● **Dataset content**:
* * * * *

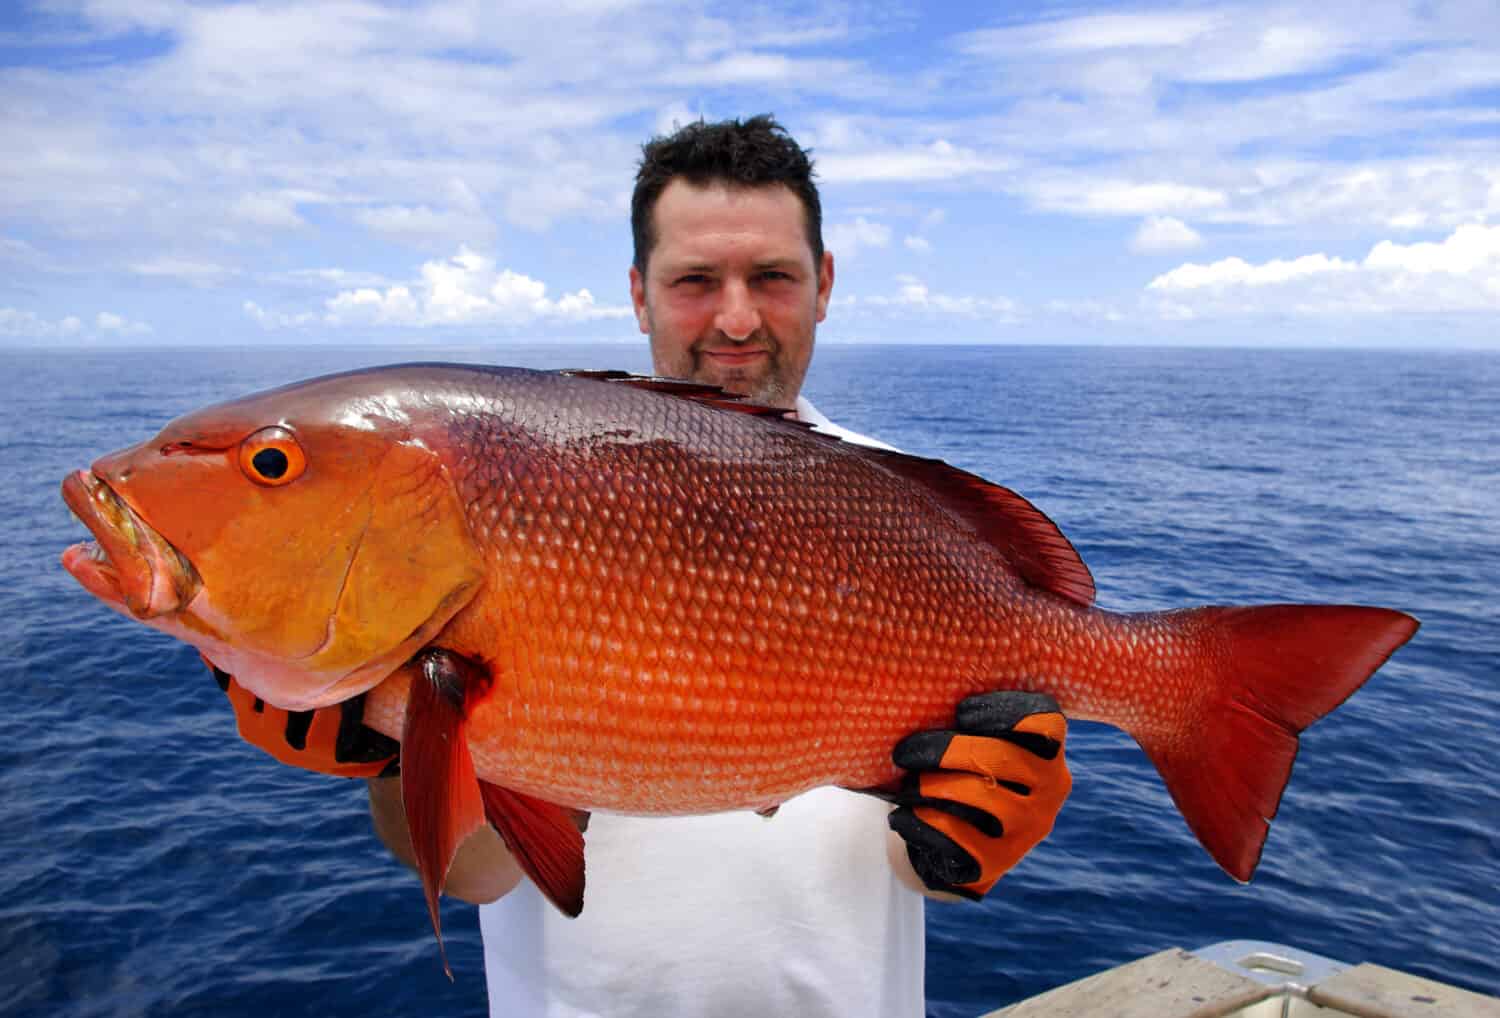 lucky  fisherman holding a beautiful red snapper
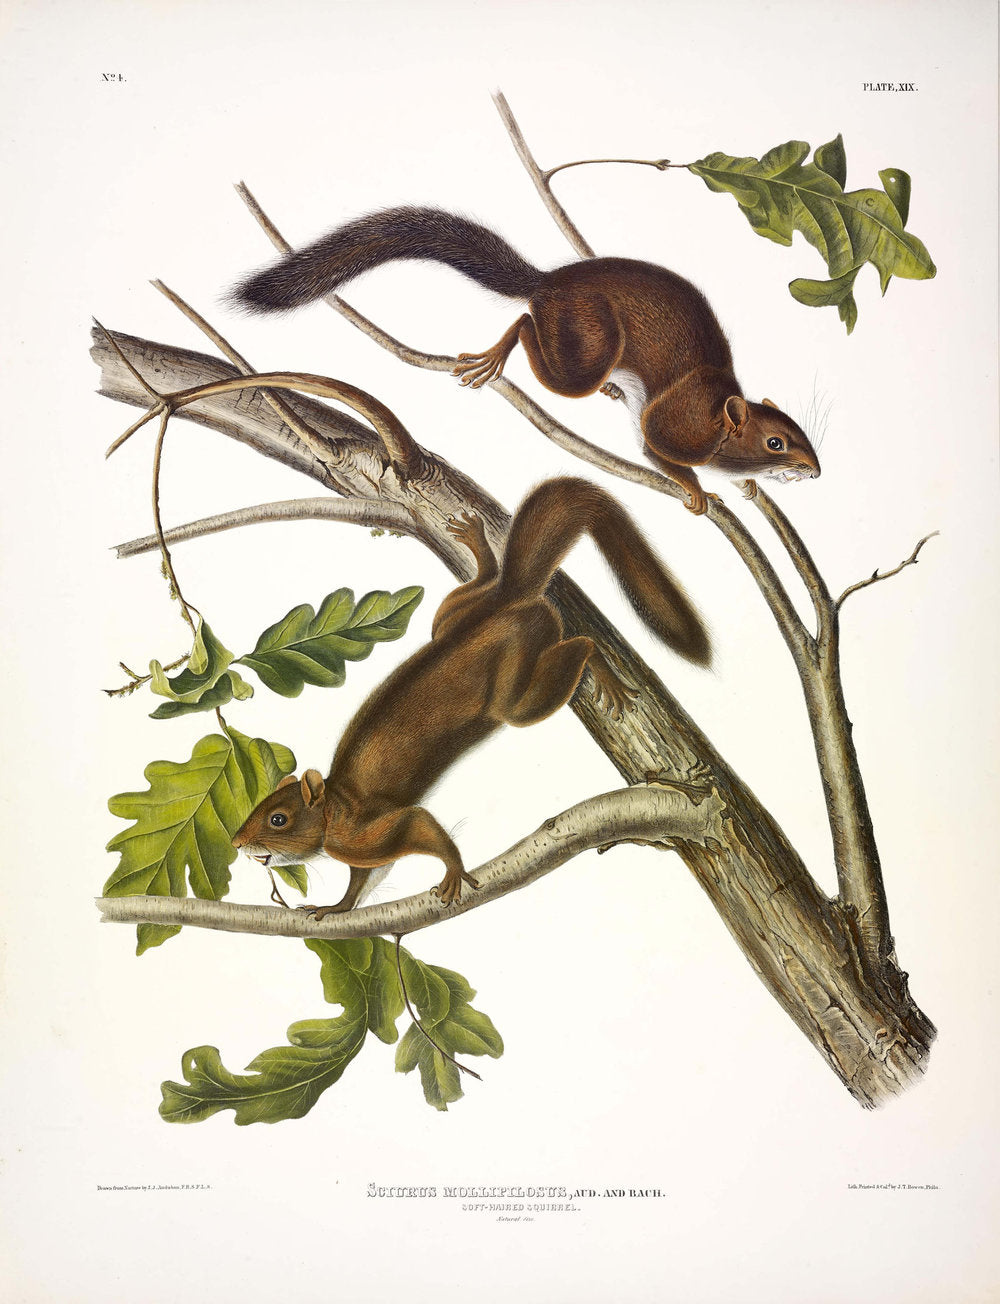 Painted by John James Audubon (1785-1851) with background likely by Victor Gifford Audubon (1809-1860)  Plate XIX - Soft Hare Squirrel  From: Viviparous Quadrupeds of North America  New York: 1845-1848  Hand colored lithograph  Sheet size: 21 ¼” x 27”
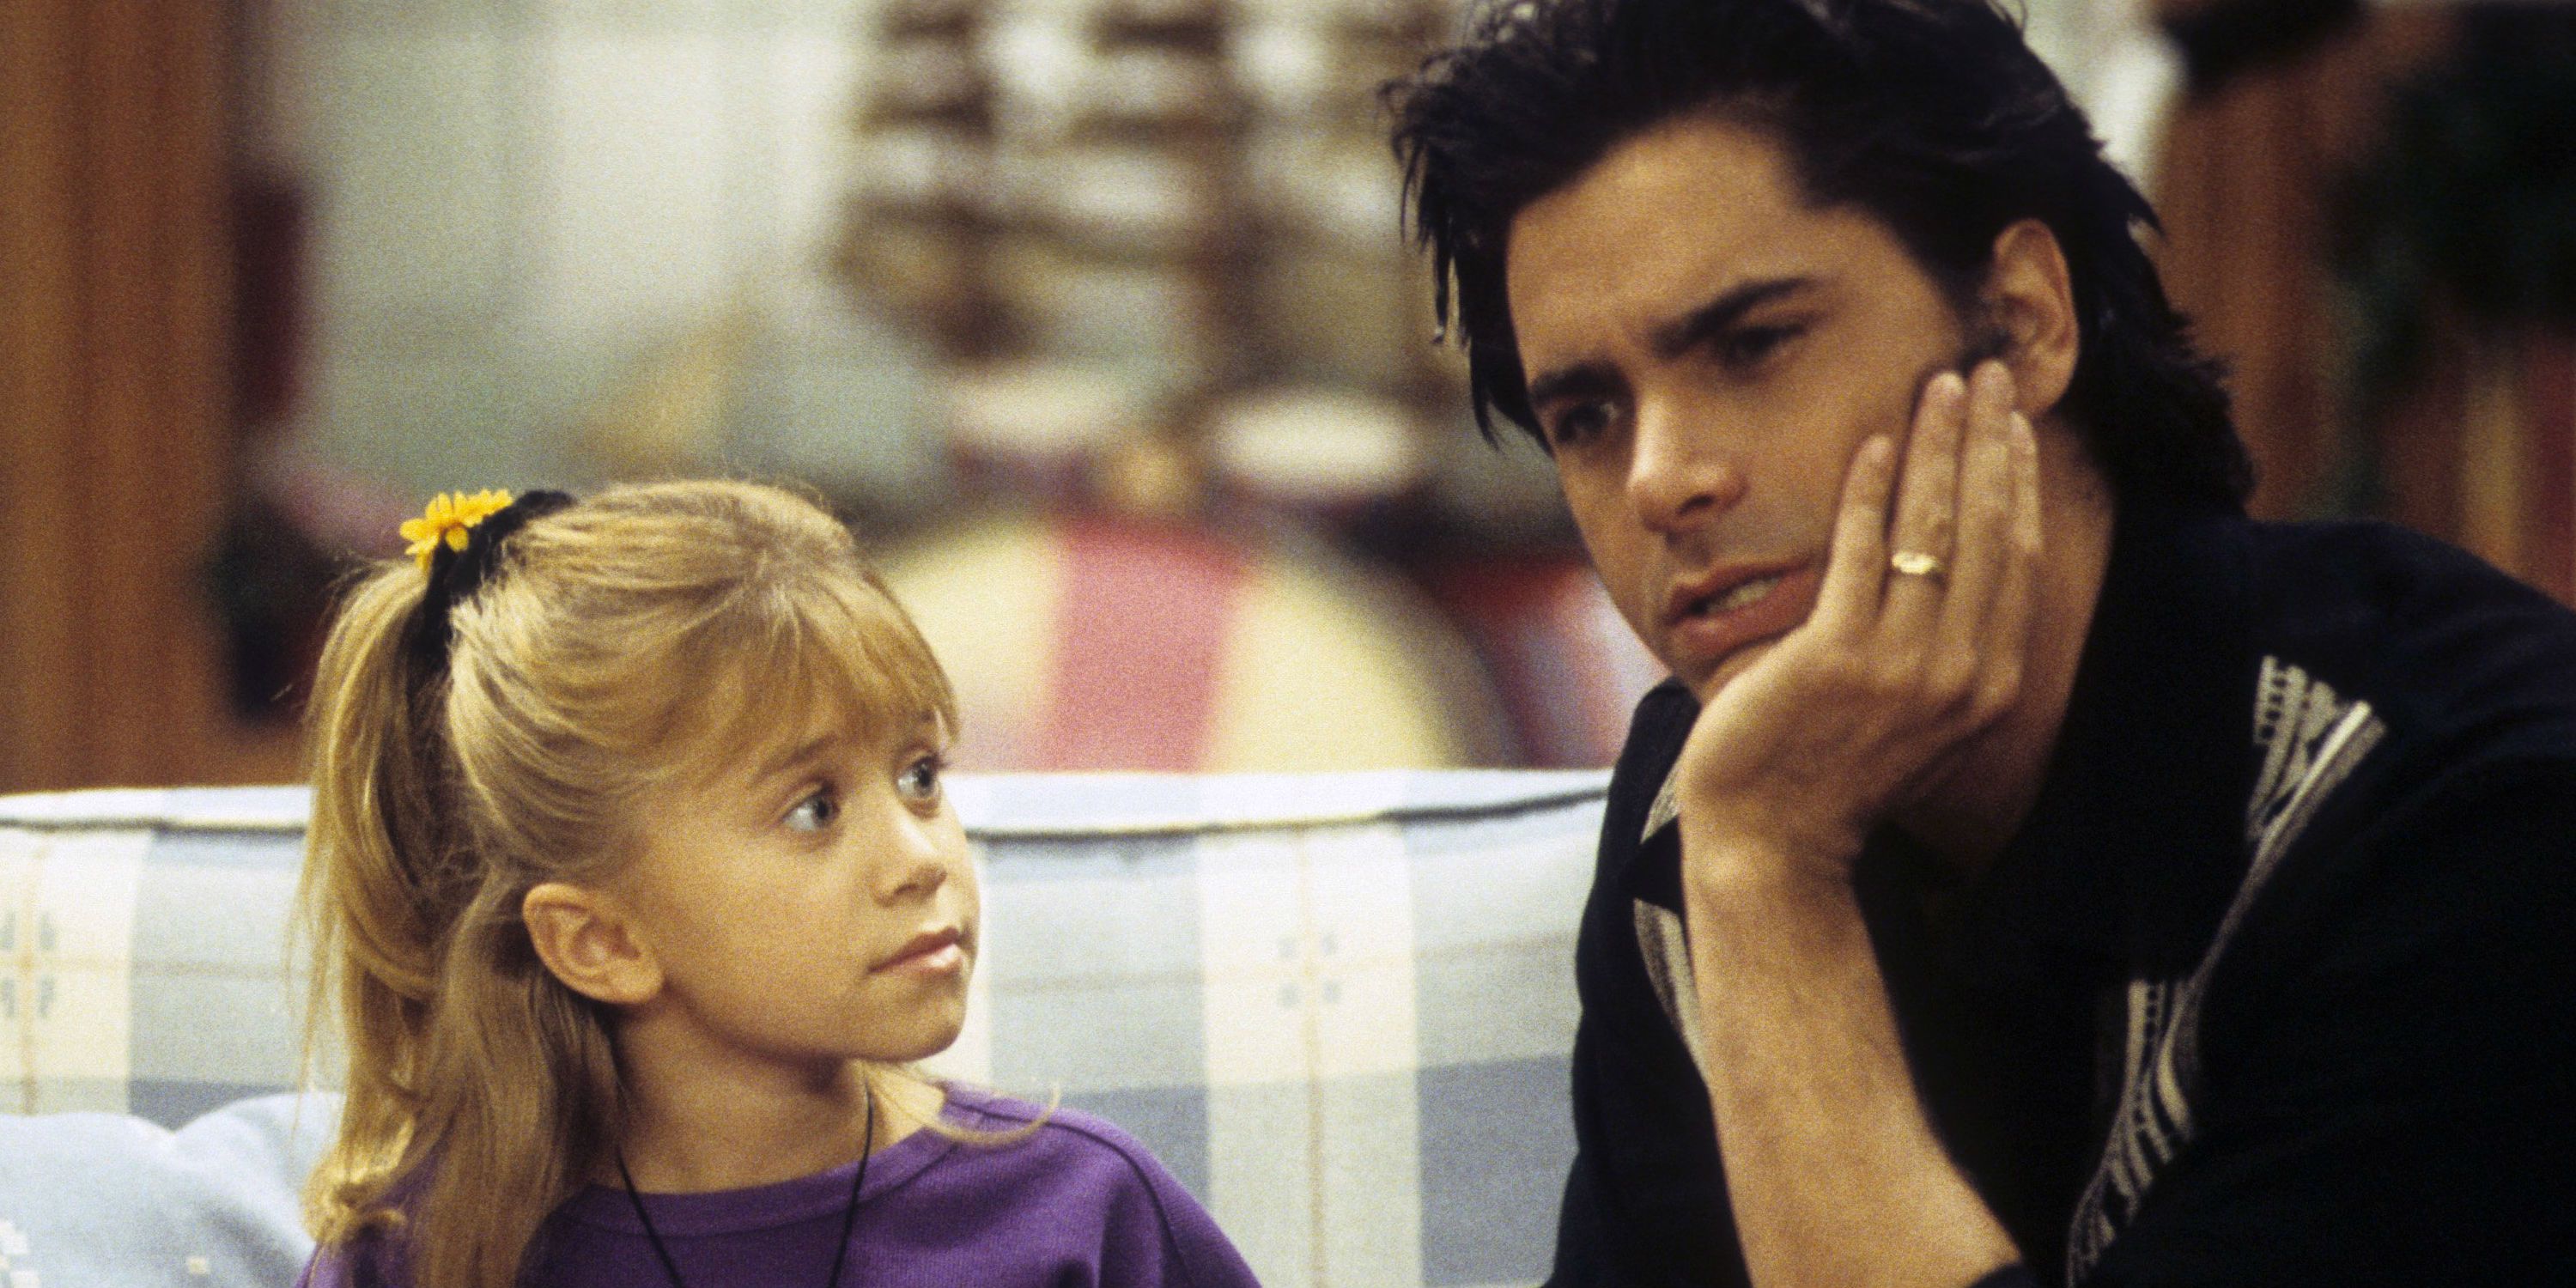 John Stamos Has No Time For Full House Theme Song While In San Francisco

* * * * *

● **What needs to be done**: Output the material above word for word. Leave out its images.

● **Reply**:
 lucky  fisherman holding a beautiful red snapper
 Painted by John James Audubon (1785-1851) with background likely by Victor Gifford Audubon (1809-1860)  Plate XIX - Soft Hare Squirrel  From: Viviparous Quadrupeds of North America  New York: 1845-1848  Hand colored lithograph  Sheet size: 21 ¼” x 27”
 John Stamos Has No Time For Full House Theme Song While In San Francisco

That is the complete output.